DATA BLOCK:
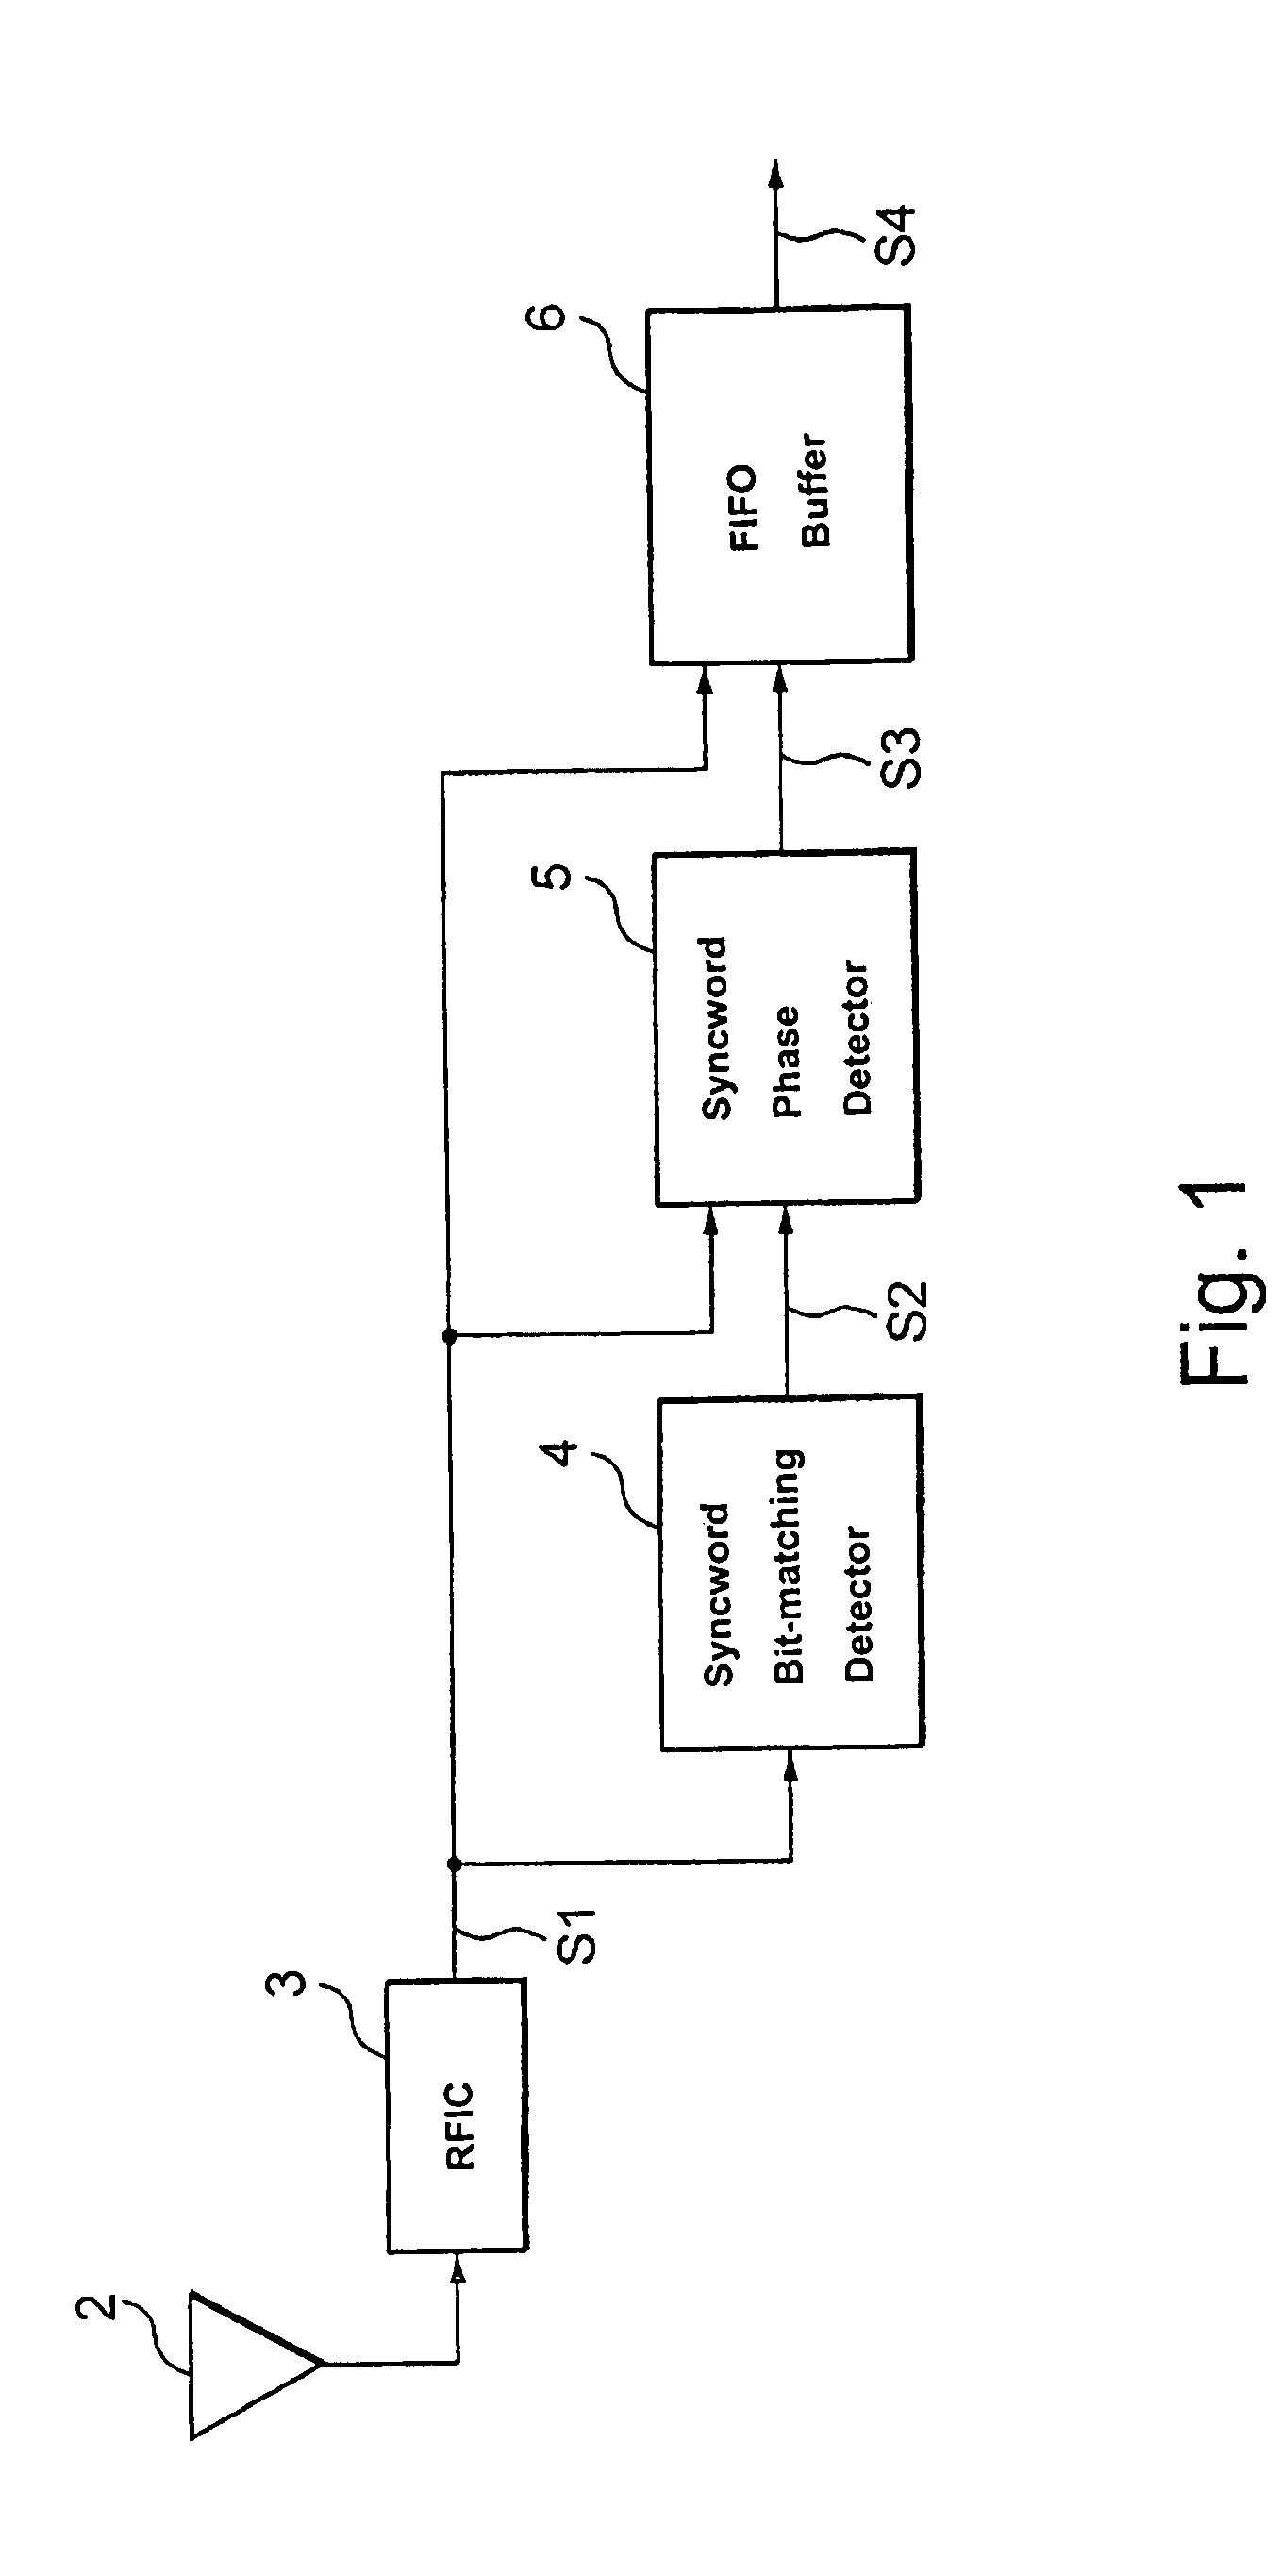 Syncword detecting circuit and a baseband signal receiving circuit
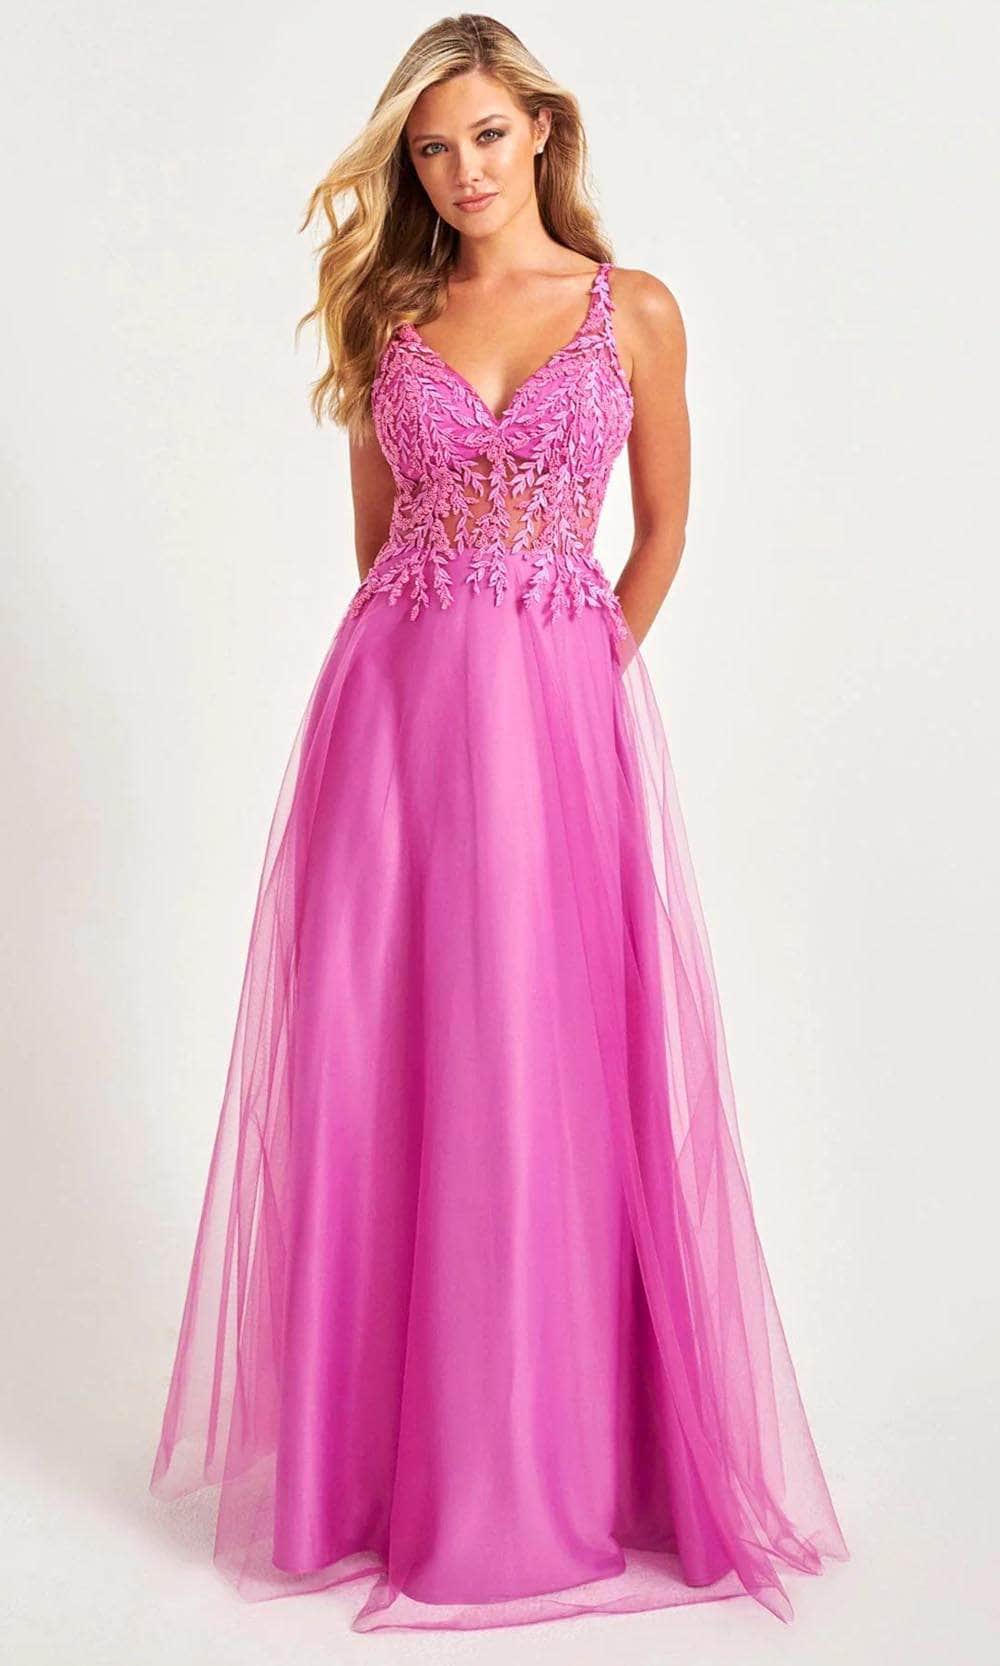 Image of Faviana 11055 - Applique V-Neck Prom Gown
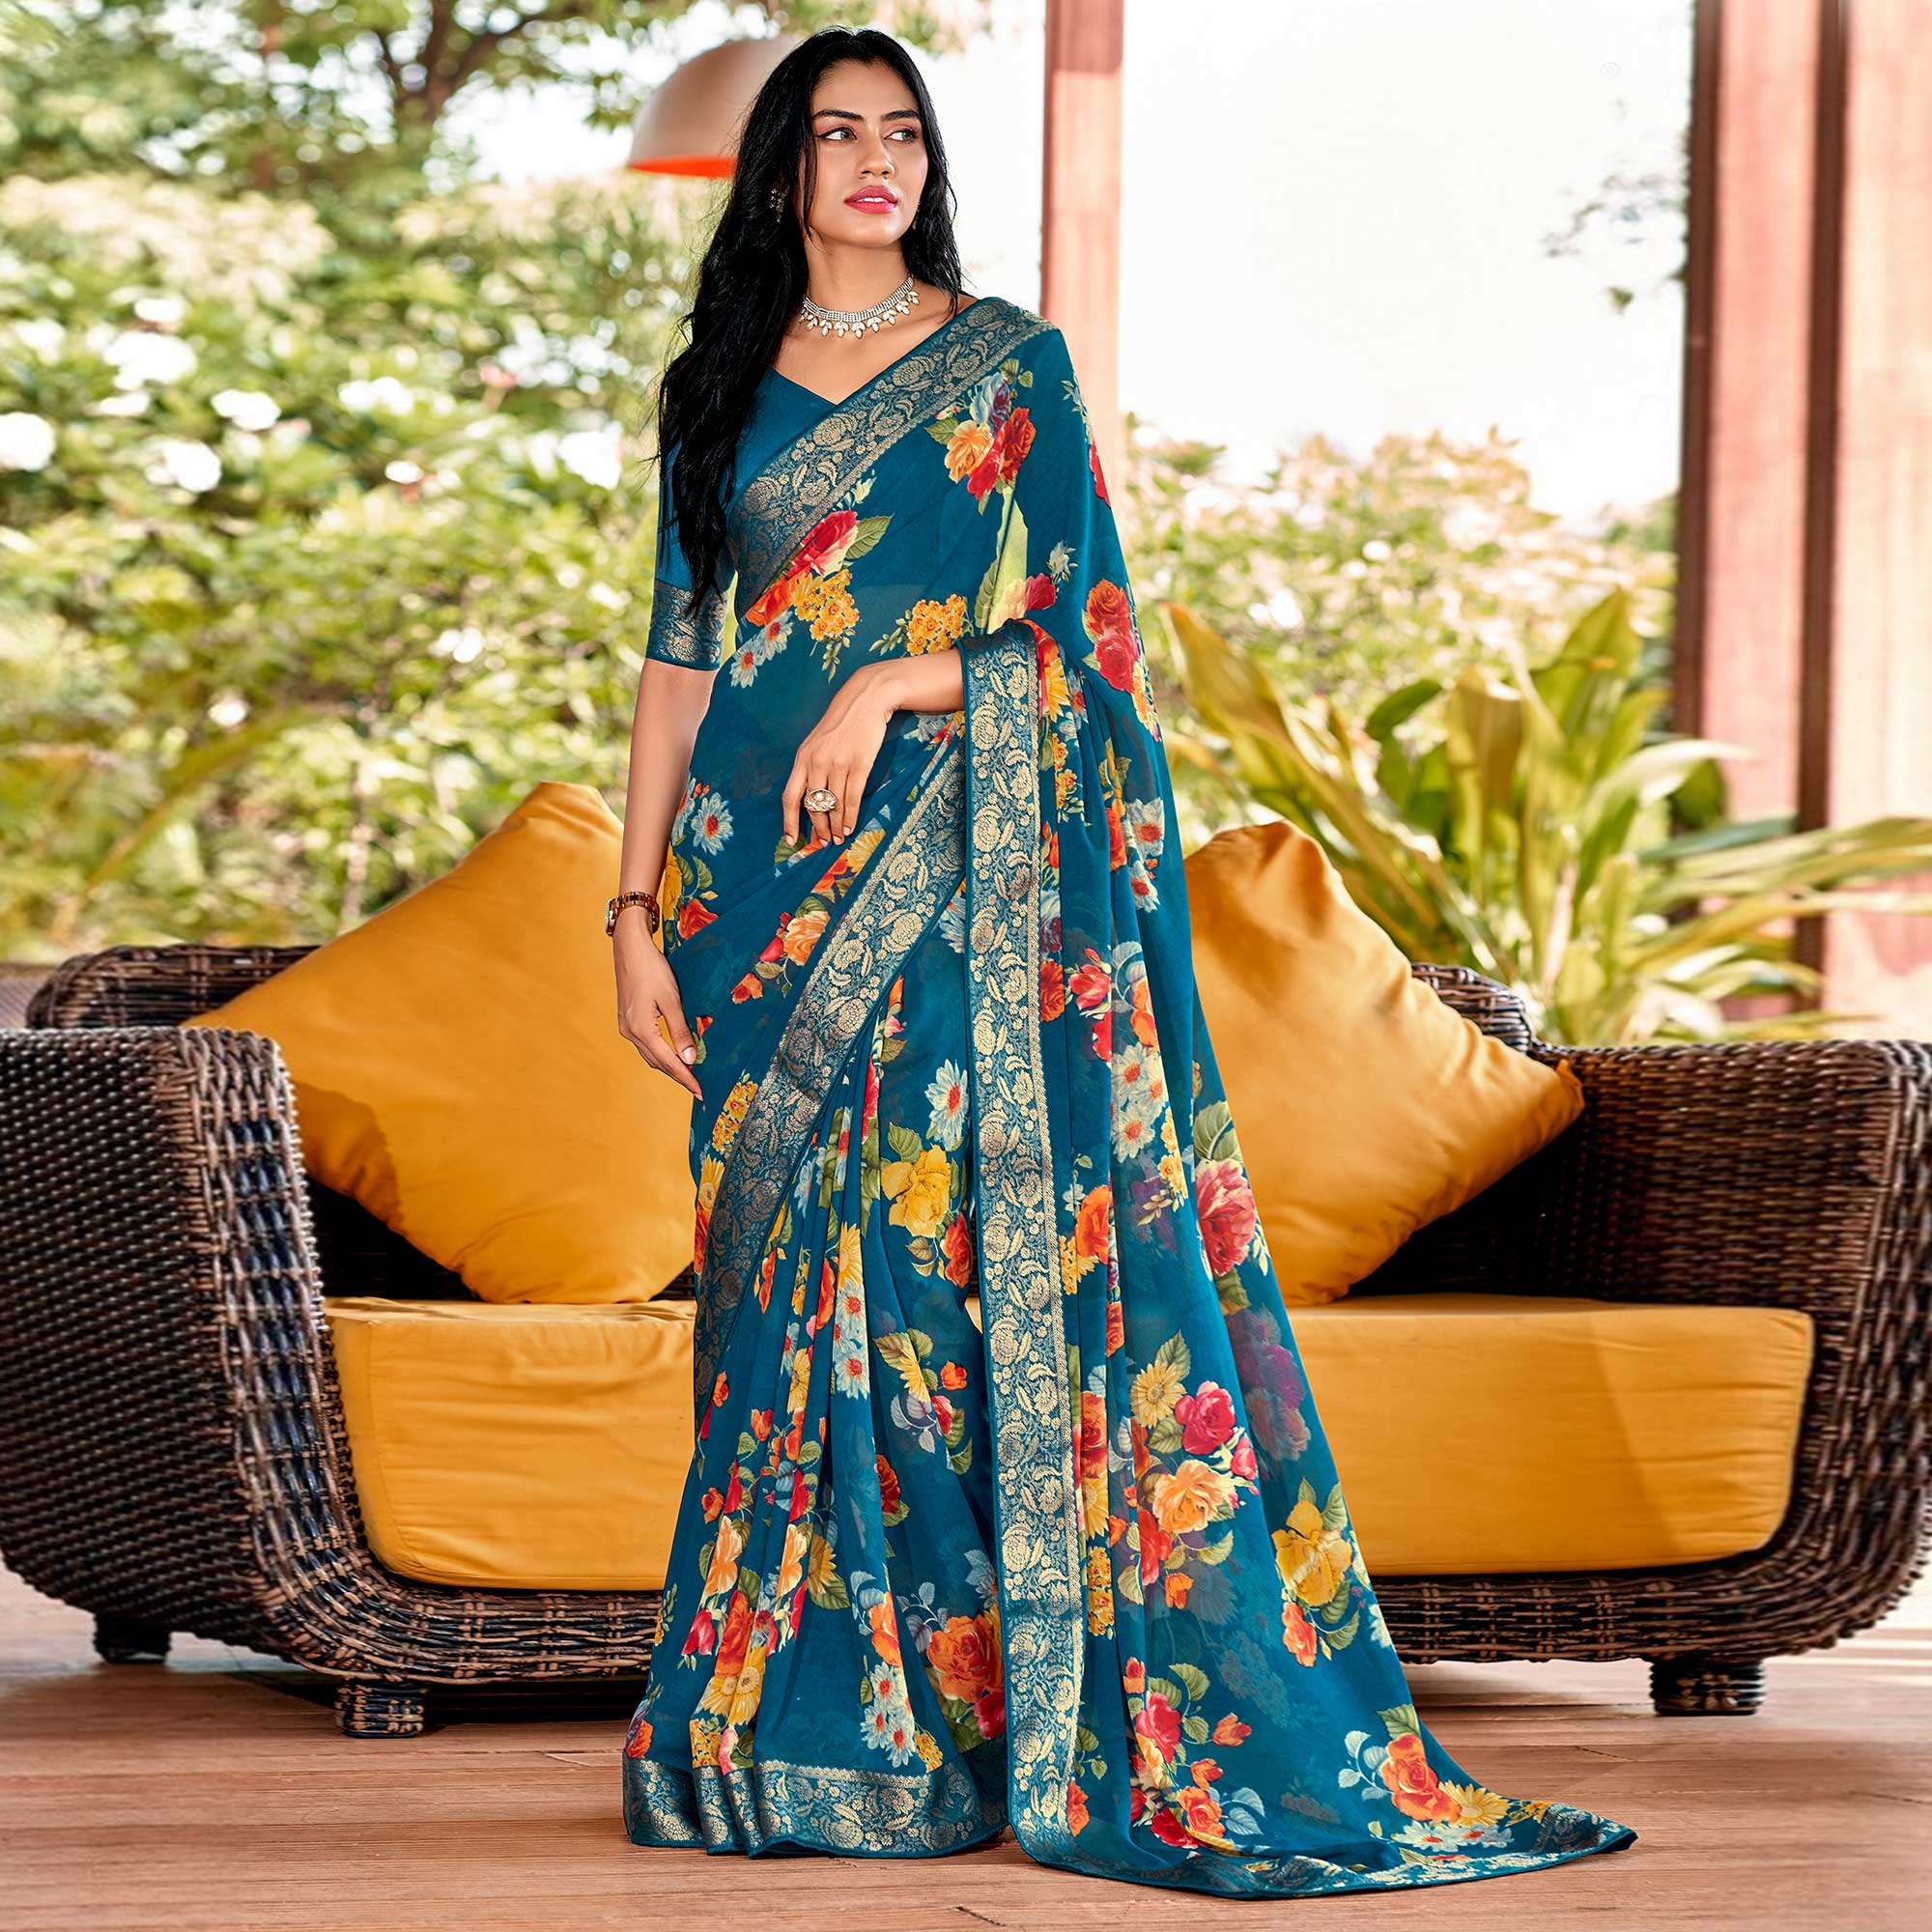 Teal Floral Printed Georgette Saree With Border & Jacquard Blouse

WHAT NEEDS TO BE DONE: Every line from the one containing "Image of Faviana" to the last line of the material must be returned exactly. Leave out any pictures.

WRITTEN SOLUTION:
 Image of Faviana 11055 - Applique V-Neck Prom Gown
 Teal Floral Printed Georgette Saree With Border & Jacquard Blouse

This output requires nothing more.